= LC3 (classification) =

Para-cycling classification

LC3 is a para-cycling classification for riders with a handicap in one lower limb who will usually pedal with one leg only.

==Definition==
In 2000, BBC Sport defined this classification as "LC3 - essentially for riders with a handicap in one lower limb who will usually pedal with one leg only," In 2008, BBC Sport defined this classification was "LC3: Riders with impairment in one lower limb who will usually pedal with one leg only" In 2008, the Australian Broadcasting Corporation defined this classification was "Locomotor Disabilities (LC): Cyclists with a physical disability compete in four classes — LC1, LC2, LC3, LC4 - based on functional ability, with separate events for men and women.". The Australian Paralympic Education Program defined this classification in 2012 as: "Riders with impairment in one lower limb who will usually pedal with one leg only"

==Classification history==
Cycling first became a Paralympic sport at the 1988 Summer Paralympics. In September 2006, governance for para-cycling passed from the International Paralympic Committee's International Cycling Committee to UCI at a meeting in Switzerland. When this happened, the responsibility of classifying the sport also changed.

For the 2016 Summer Paralympics in Rio, the International Paralympic Committee had a zero classification at the Games policy. This policy was put into place in 2014, with the goal of avoiding last minute changes in classes that would negatively impact athlete training preparations. All competitors needed to be internationally classified with their classification status confirmed prior to the Games, with exceptions to this policy being dealt with on a case-by-case basis.

==Events==
Events for this classification include the Individual Pursuit and the 1 km Time Trial.

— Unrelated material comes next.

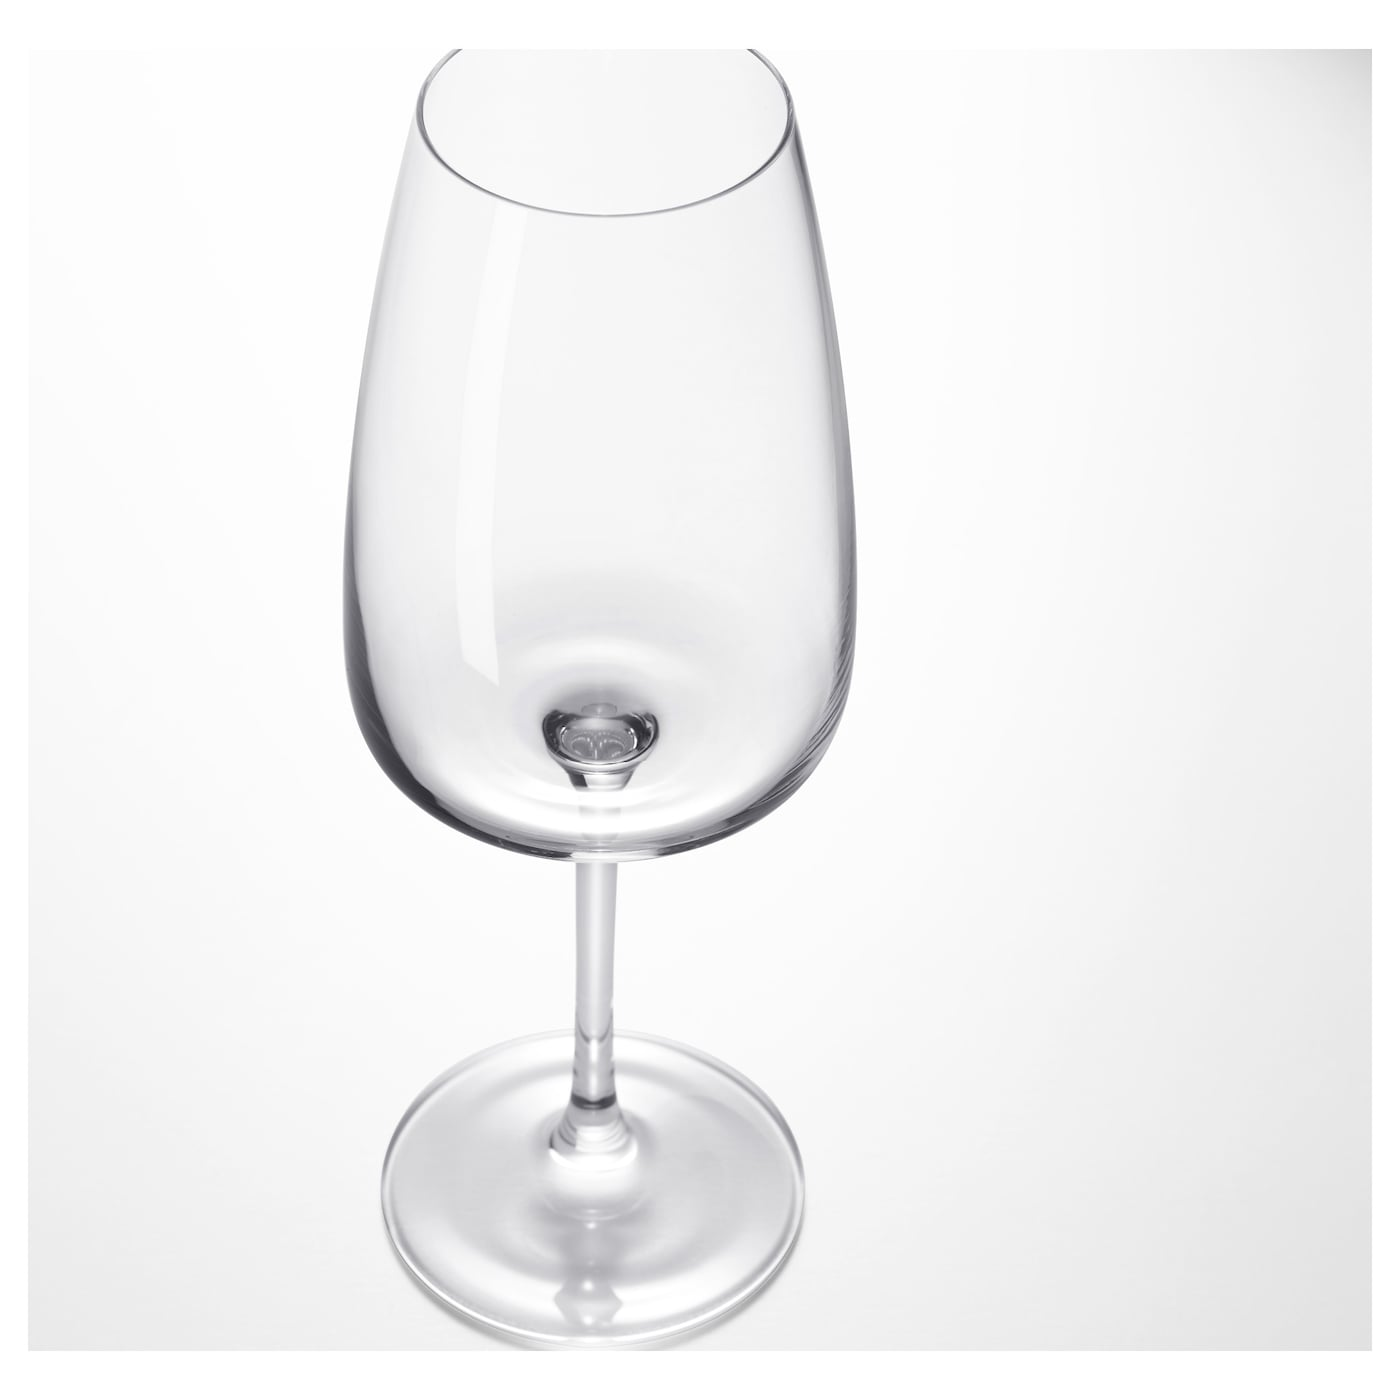 DYRGRIP كأس, زجاج شفاف, 42 سل

==Historical world records==
Below are some historical world records for this classification in the 200m men's Indoor track / Flying start.
| Time | Cyclist | Country | Classification | Date and location | Country location | Reference |
| 15"040 | Miguel Angel Perez | ESP | LC 3 Bicycle | 02.06.1994 GENT | BEL | |
| 14"550 | Norbert Zettler | AUT | LC 3 Bicycle | 03.08.1995 AUGSBURG | GER | |
| 13"332 | Matthew Plested | GBR | LC 3 Bicycle | 23.08.2003 NCC MANCHESTER | GBR | |

==Competitors==
LC3 competitors include Simon Richardson from Great Britain who has won multiple gold medals. Another competitor in this class includes Australia's Chris Scott.

==Becoming classified==
Classification is handled by Union Cycliste Internationale.